Paul offers his answers in an article for the Independent:

"What is the force that put a million people on the streets of Brazil on Thursday, turned Turkey's major cities into battlefields and – even now – bubbles under from Sofia to Sarajevo?

The answer is in the detail: the self-shot videos, the jokes scrawled on handwritten signs, the ever-morphing hashtags on Twitter and the Guy Fawkes masks. Brazil's protests may have started over the equivalent of a 5p rise in bus fares, but the chants and placards in Rio speak to something different: "We've come from Facebook", "We are the social network", and in English: "Sorry for the inconvenience, we are changing Brazil.""

As in the book Paul Mason has been drawing links between what he sees as the sites in a new global era of revolution. Paul opened Newsnight last Friday with an extended report on Brazil in which he discusses the themes in his book in the context of recent events.

In an interview on BBC Radio 5 he states:

"What I'm finding throughout the world where these protests are taking place is the mismatch between what an educated younger generation could be doing and what it is doing. Take the example of Turkey, what this younger generation are saying is yes our country has grown rapidly but we aren't getting a fair share of that growth.
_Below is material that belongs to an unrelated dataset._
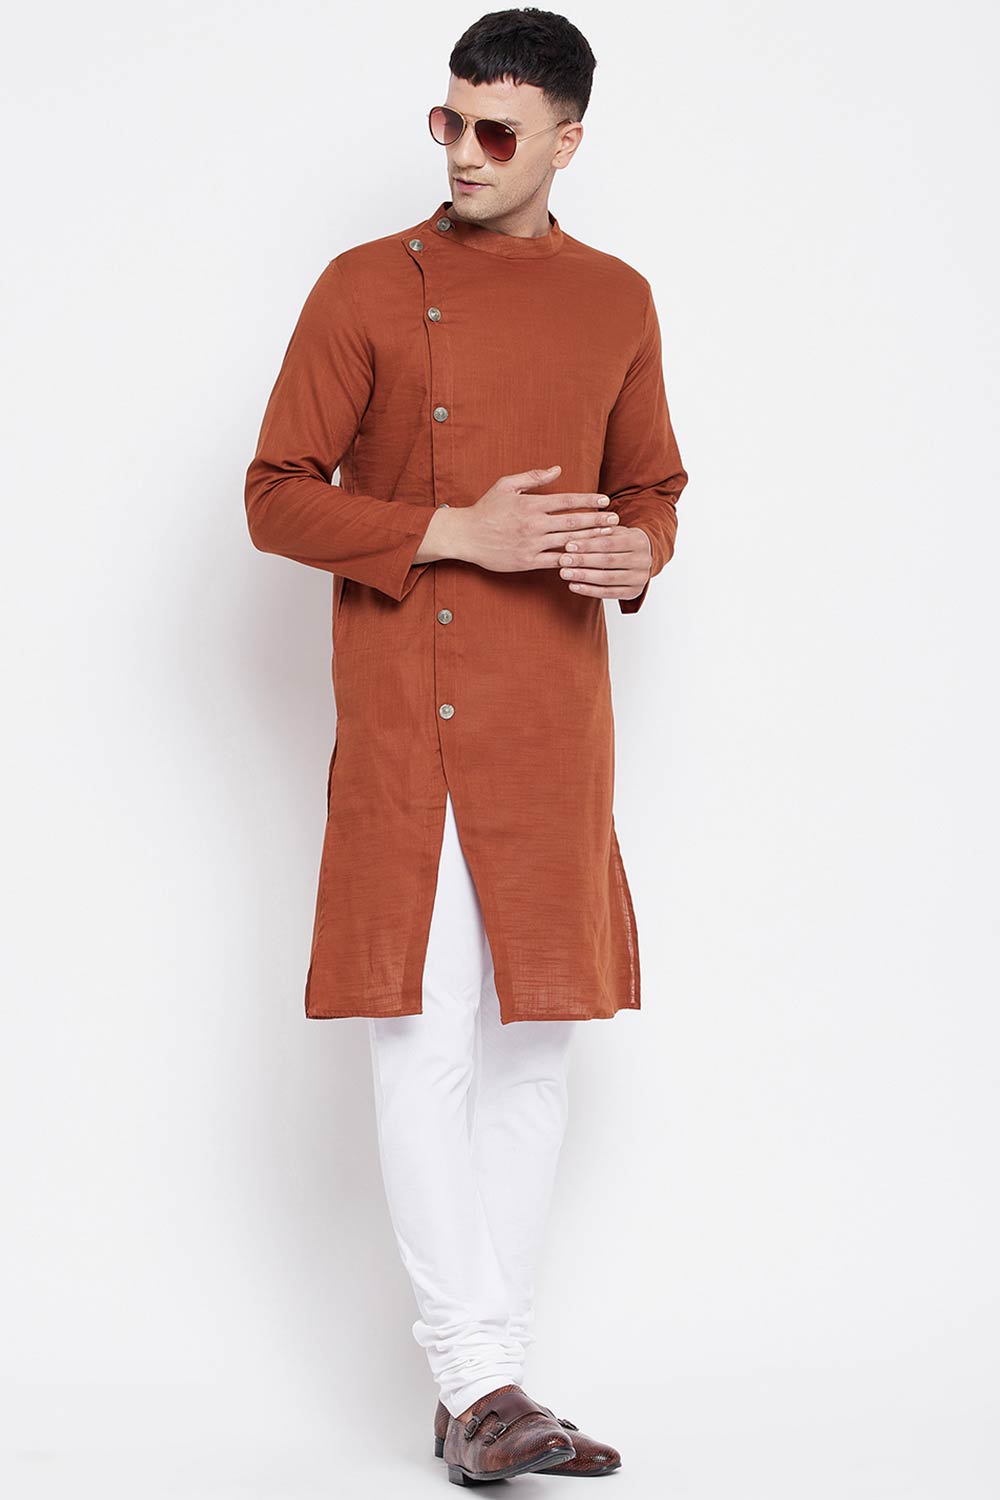 Men's Pure Cotton Solid Sherwani Top Kurta Top in Brown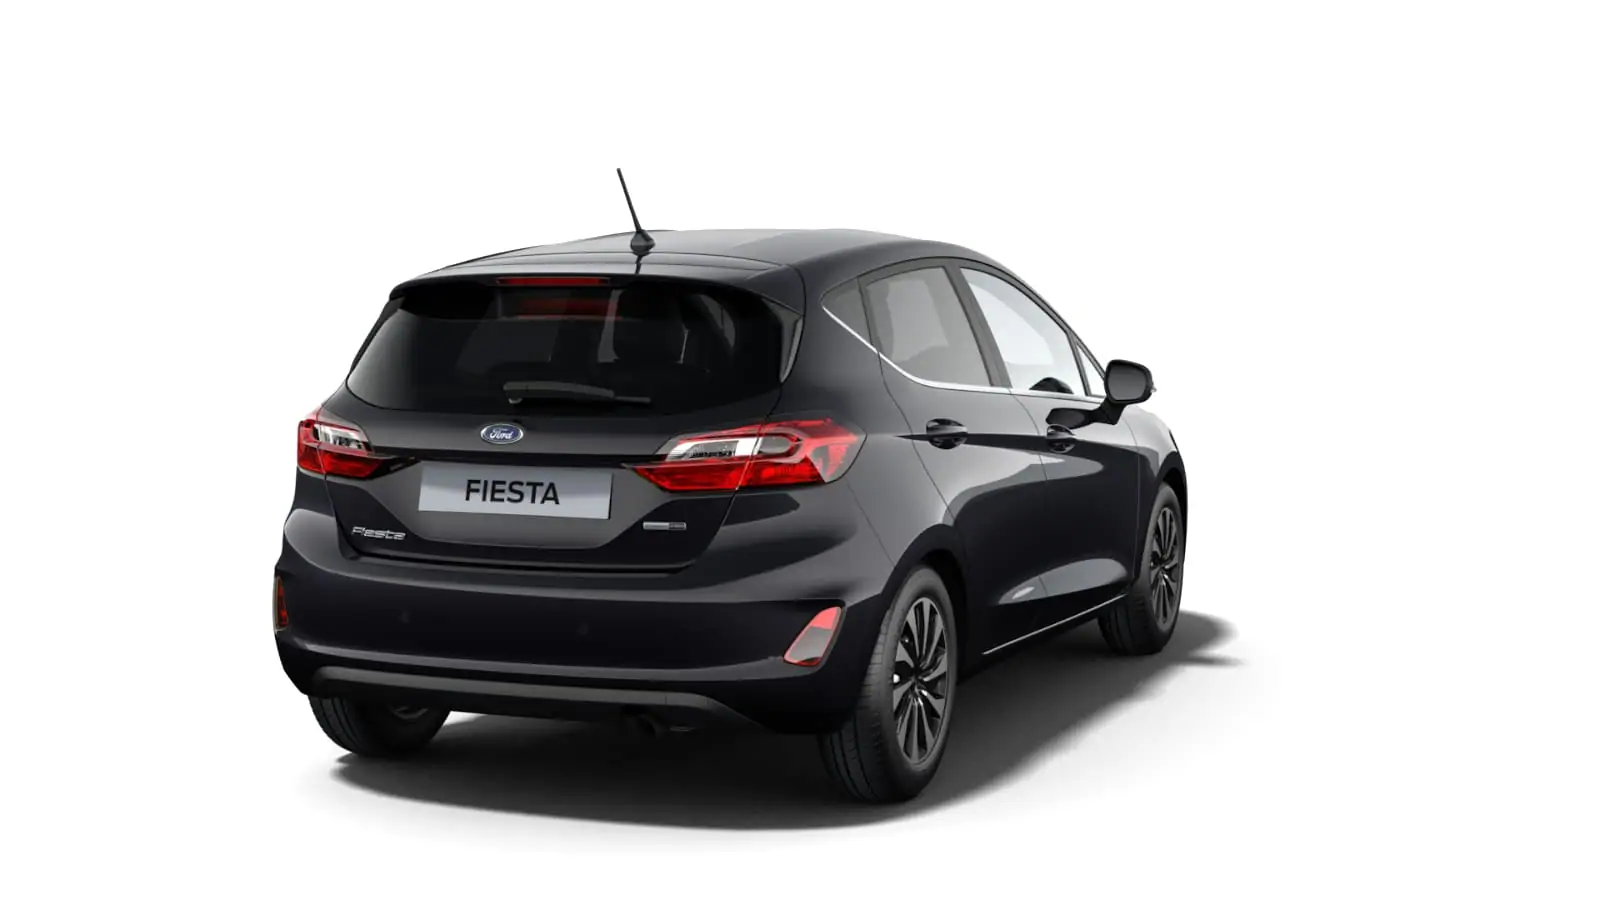 Nieuw Ford Fiesta mca Titanium 1.0i EcoBoost 100pk / 74 kW M6 JKD - Metaalkleur "Agate Black" 3

You hear echoes of that in Brazil."

In the Observer Peter Beaumont shares some of Paul's views, writing:

"What does ring true, however, is his assertion that a driving force from Tahrir Square to Occupy is a redefinition of notions of both what "freedom" means and its relationship to governments that seem ever more distant. It is significant, too, that many recent protests have taken place in the large cities that have been most transformed by neoliberal policies.

And John Harris in the Guardian writes:

"If you haven't already read Paul Mason's brilliant book Why It's Still Kicking Off Everywhere, I'd suggest you do so."